I curse my faithless heart's overloud beating and lie frozen until morning, expecting the forceful grasp of a hook-nailed claw to drag me under.
When asked, I’ll say I slept fine.
I’m too old for a nightlight.
The Alchemy of Baking
By Lizzy Hills
Legend has it that if you bake at dawn, the Roman God, Silvanus blesses your kitchen.
She was no baker; her kitchen was purposefully missing a pastry brush.
Yet for weeks she had dreamt of Mille-feuille: (thousand leaves): her mum’s signature pastry.
When she was six, she imagined a thousand Elm leaves baked with puff pastry and vanilla pods, rising like a lofty, deciduous, Silvanus.
Each mouthful tasting of vanilla bark.
When she was ten, an Elm tree rooted inside her.
As dawn broke, a thousand leaves nestled in her oven: patisserie alchemy.
Her mum would have smiled knowingly.
Where We Sit
By Dhevalence Moodley
He gripped, and he tore. And he bit, and he swore.
“Please excuse me,” he said, “It seems my tongue has become as rotten as my teeth.”

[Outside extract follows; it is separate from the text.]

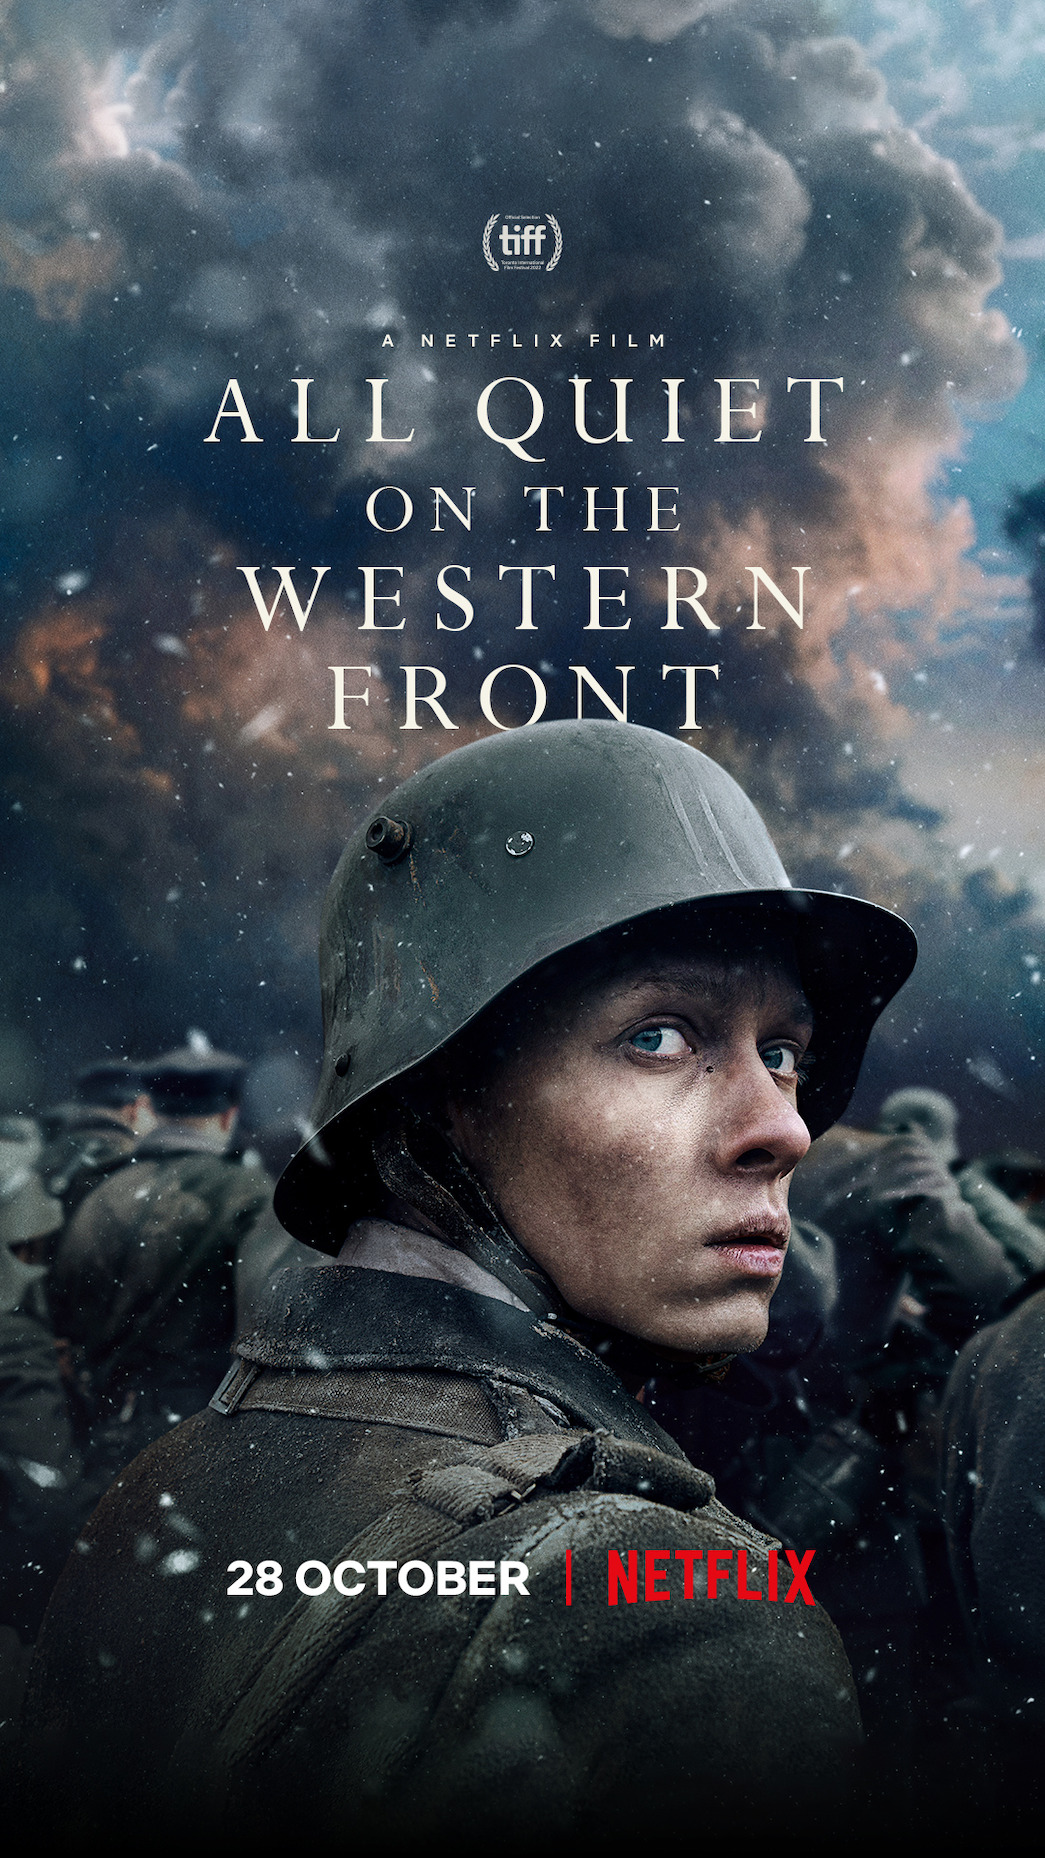 All Quiet On The Western Front Drops Release Date and Photo

The boisterous crush around him hushed, but sprays of sputum lingered in the air.
With a swirl of refinement about him, the precise, confident tone of company bosses—too natural to feign—issued from him coolly. Yet the well-educated in boardrooms now sneered at him, as they did us. At him with us.
Ravenous him, in a tattered Armani suit. Once, his ripped trousers’ seat would’ve shined one of those leather boardroom chairs.
The group chose ‘Barefoot’ as their favourite. Congratulations to Helen Dudley!